VoiceAssistant enables voice-controlled interactions inside VS Code using a webview-based speech recognizer (Web Speech API) with optional Google Cloud Speech fallback.
Features
Real-time speech transcription using Web Speech API inside a secure webview
Git integration (uses built-in Git API or falls back to terminal git)
Simple UI to start/stop listening and see transcripts
Getting started
npm install
npm run compile
Press F5 to run the extension in a new Extension Development Host
Packaging
Install vsce (already in devDependencies): npm i -g vsce
Run: npm run package — this creates a .vsix file for distribution
Google Cloud Speech (optional, recommended for multi-language)
To enable robust multi-language recognition, set voiceAssistant.useGoogleSpeech to true and set voiceAssistant.googleCredentialFile to the path of your Google Cloud service-account JSON (with Speech-to-Text permissions).
Configure voiceAssistant.recognitionLanguages with an array of IETF language tags you want the assistant to consider (default: ["en-US","hi-IN"]). The extension will send recorded audio to Google Speech-to-Text, which will use the provided languages to automatically detect and transcribe speech.
Note: Google STT requires credentials and network access. The extension ships a local integration using @google-cloud/speech to simplify usage.
OpenAI integration (code generation)
To enable OpenAI as a generation provider, set voiceAssistant.useOpenAI to true. Supply your OpenAI API key either via the voiceAssistant.openaiApiKey setting or the OPENAI_API_KEY environment variable.
Once enabled, voice prompts like "Create a button that does X" or "Generate a component for login" will use OpenAI (if available) to produce code suggestions. Generated files are shown in a preview and you are prompted to Apply and optionally Commit & Push the changes.
If you want fully automated operation, the following settings control auto behavior:
voiceAssistant.allowExternalCodeUpload (default: false) — must be enabled to allow sending prompts and code to external AI providers.

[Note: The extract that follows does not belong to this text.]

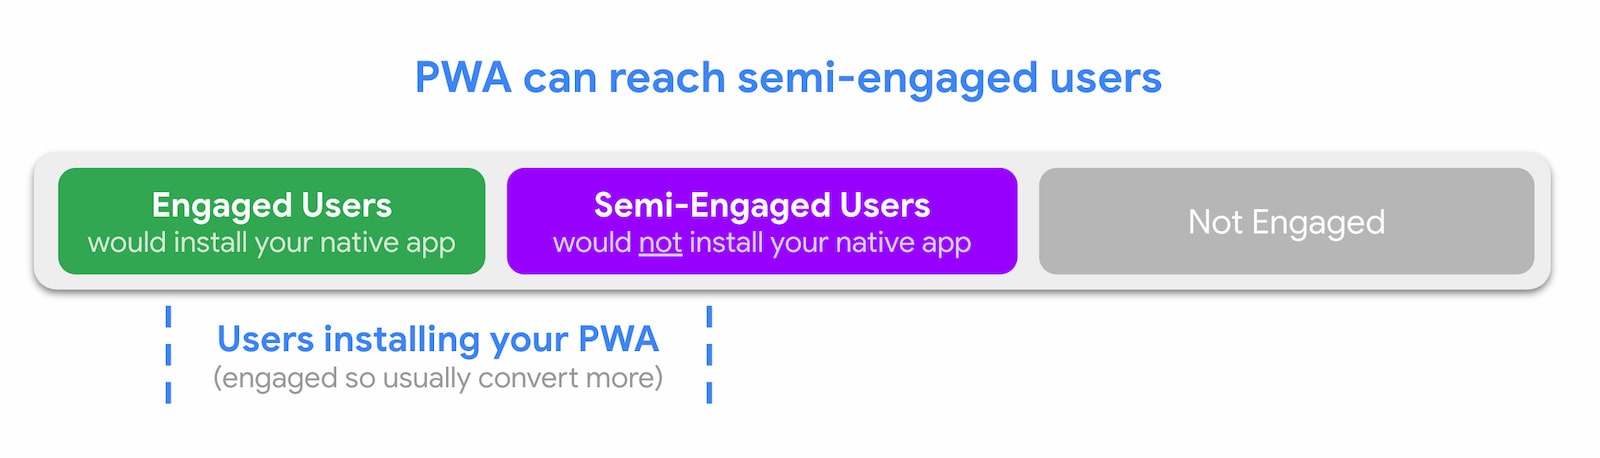 PWA ها می توانند به کاربران نیمه درگیر دسترسی پیدا کنند.
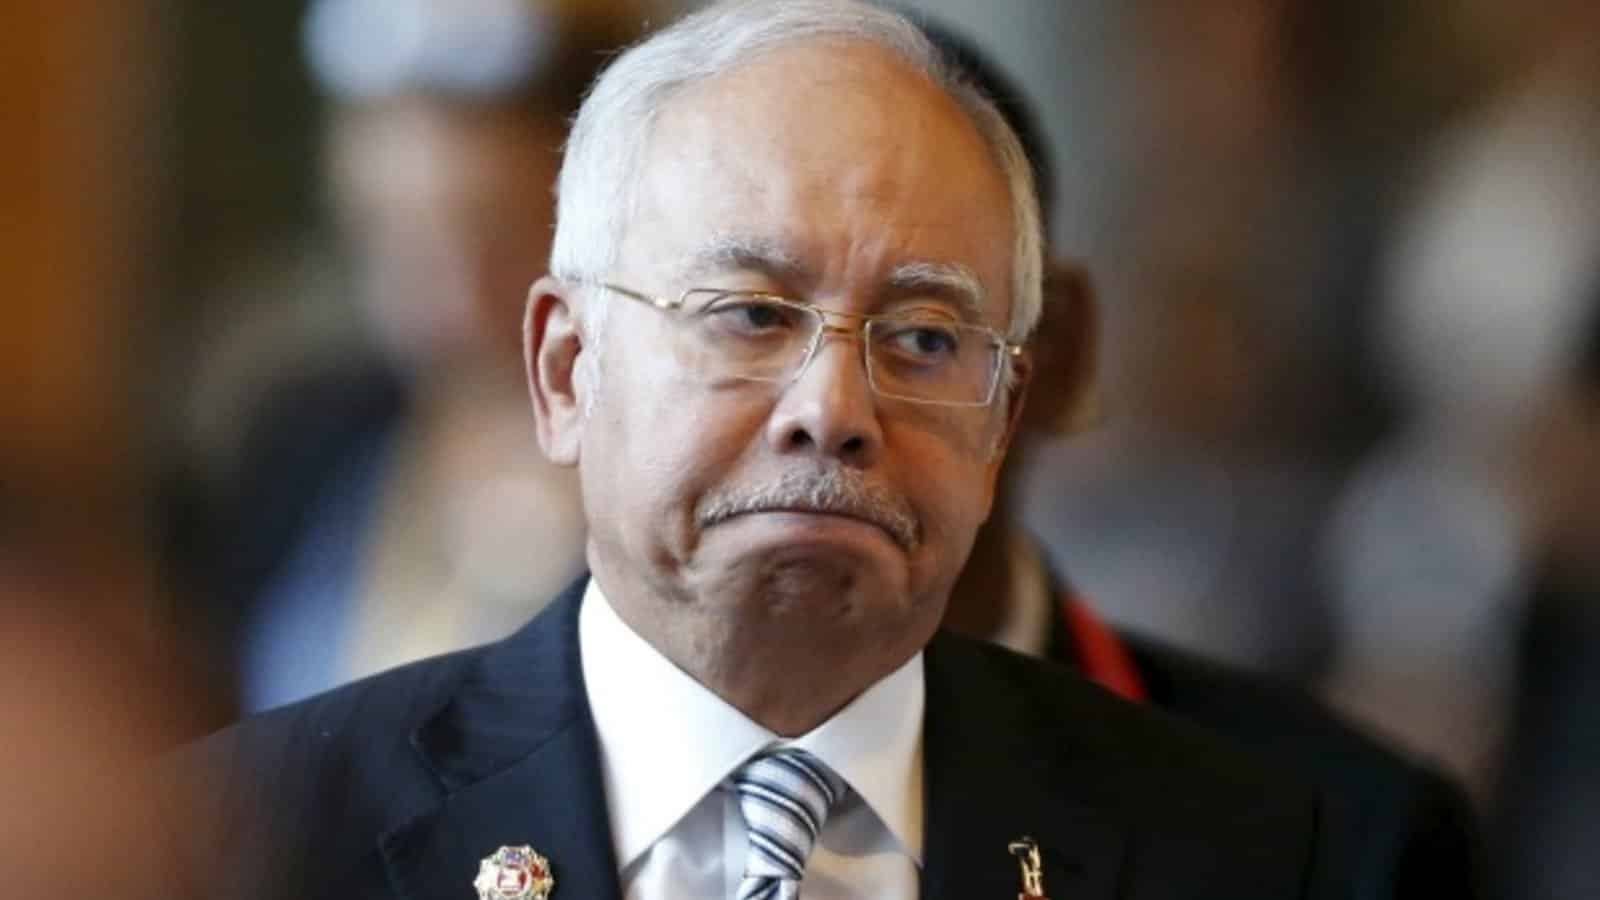 Penyokong kecewa BN sokong Belanjawan, Najib bagi alasan “kekurangan masa”

voiceAssistant.autoApplyGeneratedCode (default: false) — if enabled, generated code is auto-applied when the number of generated files is <= voiceAssistant.autoApplyMaxFiles.
voiceAssistant.autoApplyMaxFiles (default: 5) — maximum files allowed for auto-apply.

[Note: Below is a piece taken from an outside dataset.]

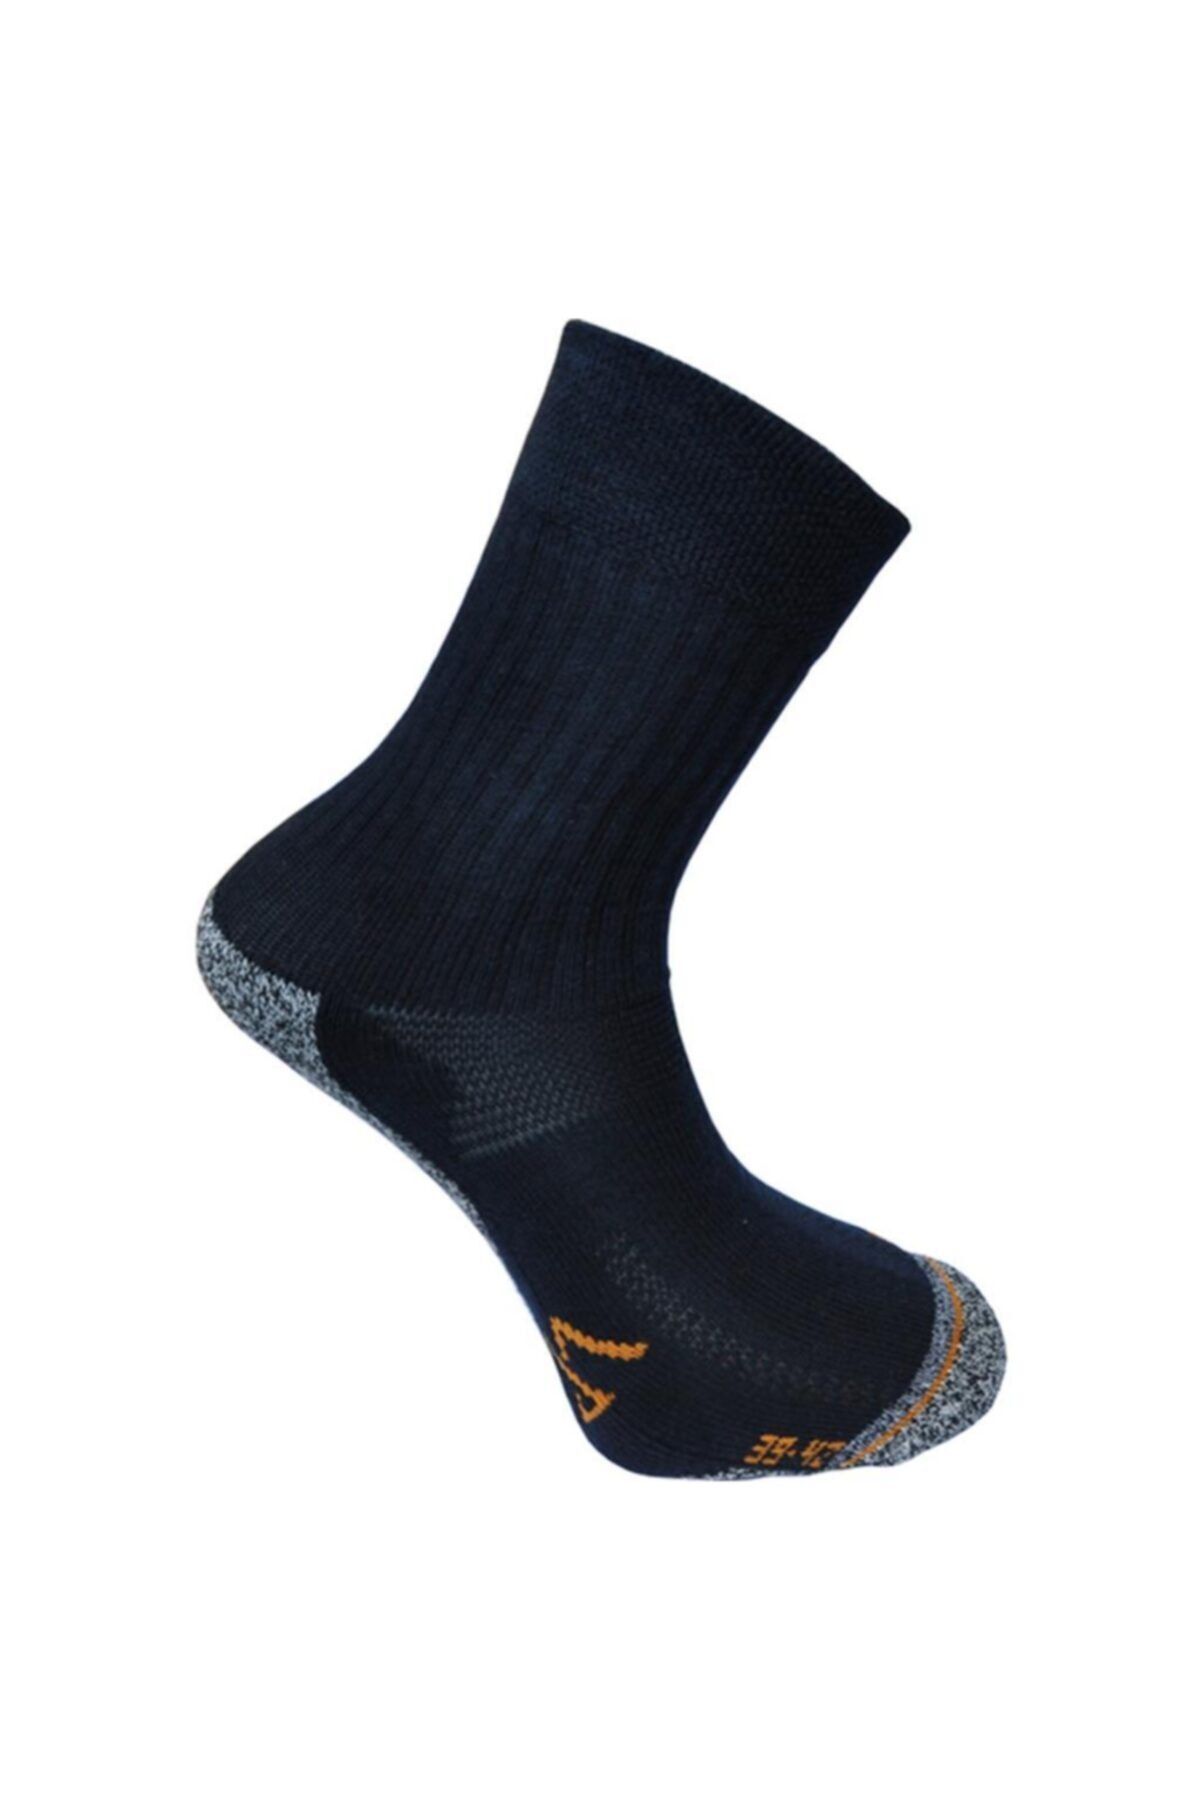 Makalu Ultra Comfort Çorap Lacivert-43-46

voiceAssistant.autoCommitAndPush (default: false) — when enabled and auto-apply runs, commits and pushes will be performed automatically.
Safety note: Enabling fully automatic modes can modify many files and push changes. Keep allowExternalCodeUpload disabled if you do not want code or prompts sent externally. Use autoApplyGeneratedCode only when you trust the provider and the prompt context.

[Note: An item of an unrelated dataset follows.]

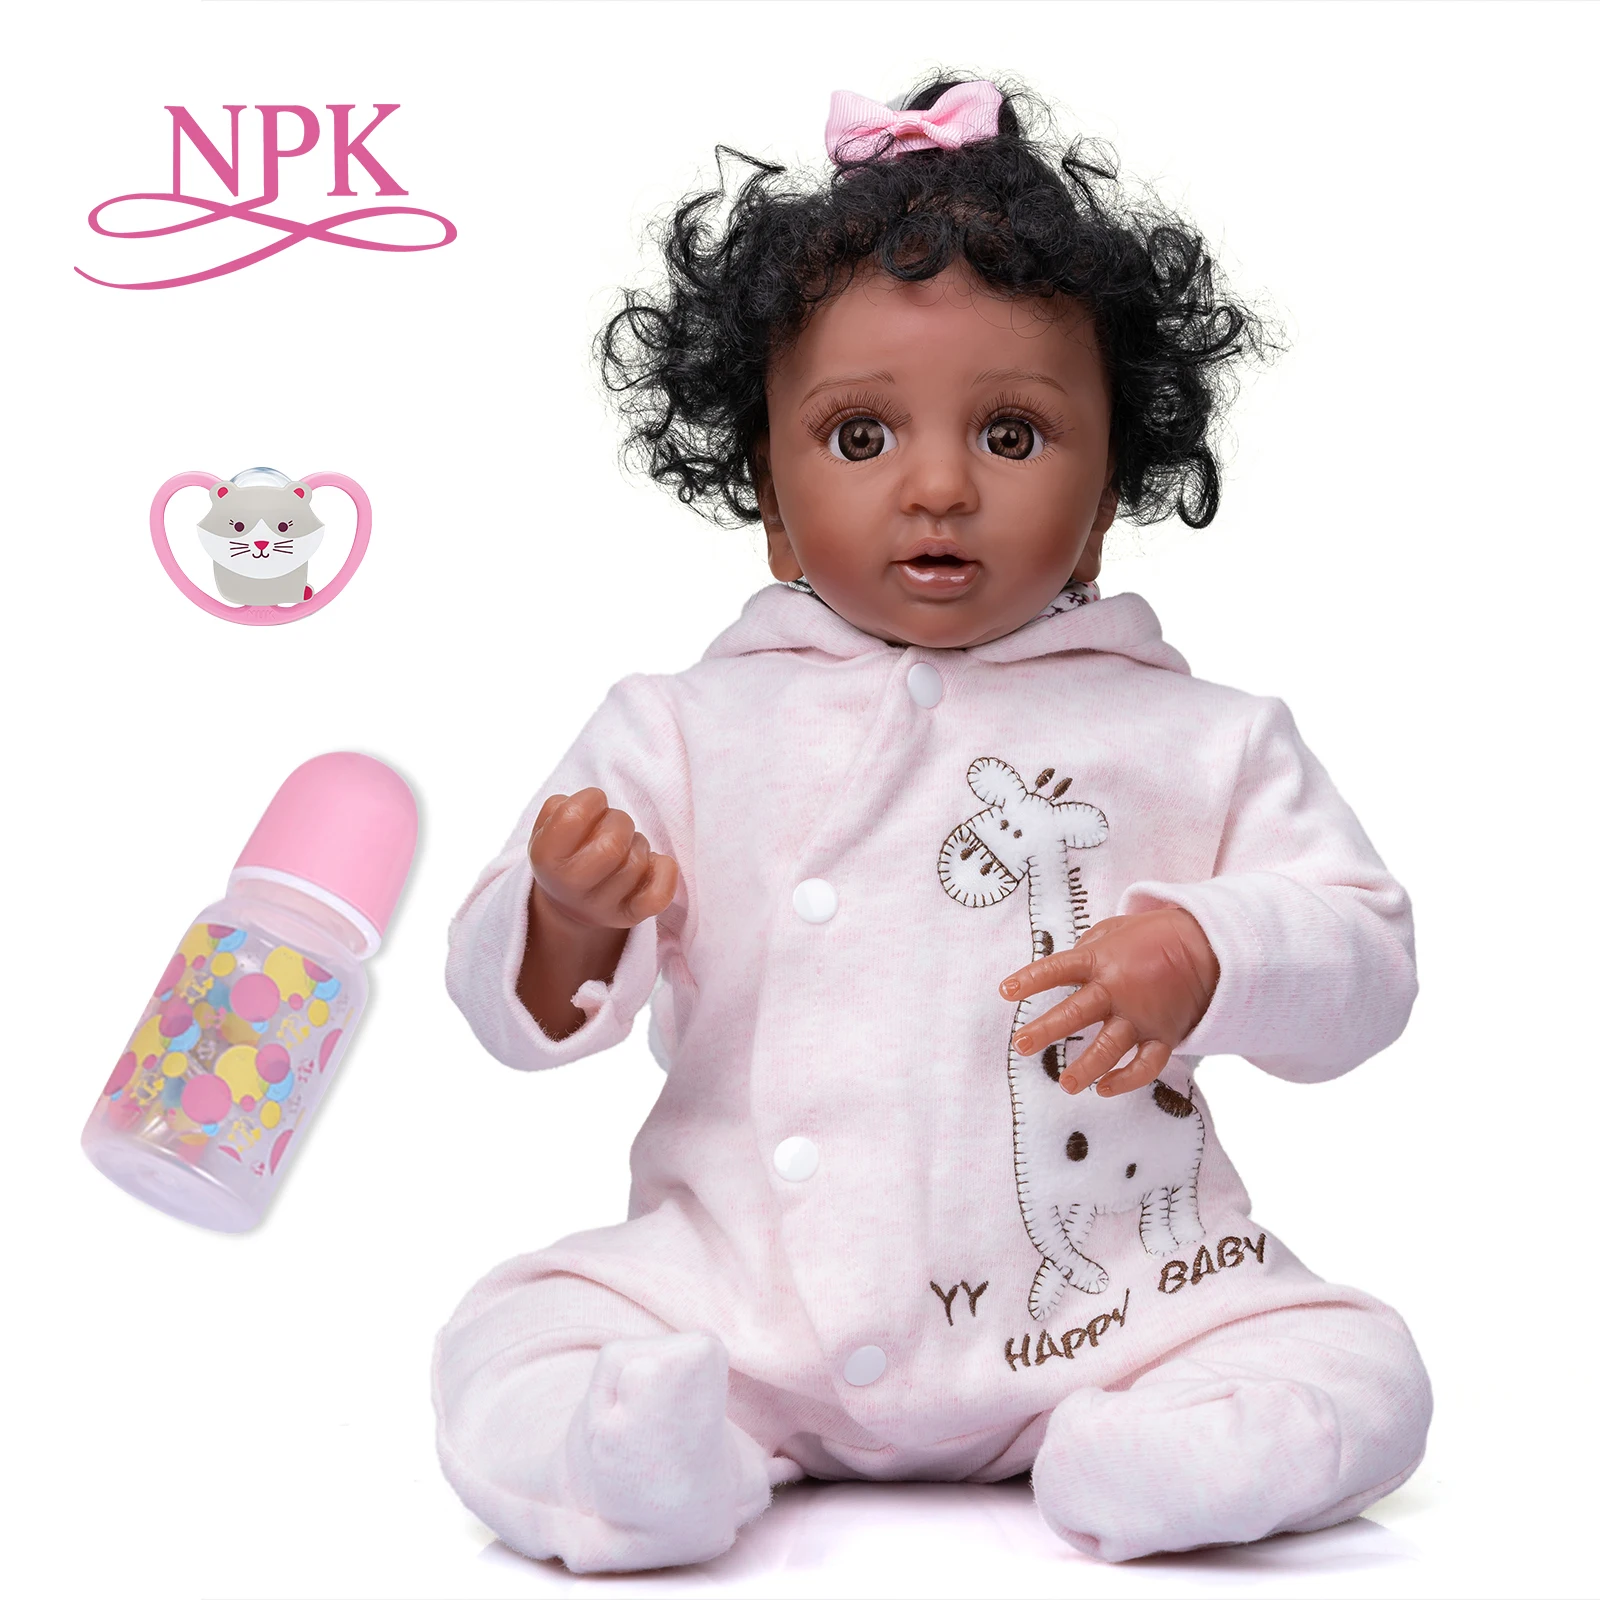 NPK 43 СМ Размер на Ели Premie Reborn Baby Doll с Тъмно Кафява Кожа и Черна Къдрава Коса, Реалистична Кукла Premie Baby Високо качество

Be careful: sending code and prompts to external services may expose content. Use include/exclude rules and limit what is uploaded as needed.
Notes & Limitations
The Web Speech API requires the webview environment to support it (should be available in VS Code stable's webviews). If not available, use the Google Cloud fallback (not implemented client-side by default).
Intent parsing is rule-based and meant for an MVP. For advanced natural language understanding, integrate an NLU provider.
Contributing
Open issues, add features, and send pull requests.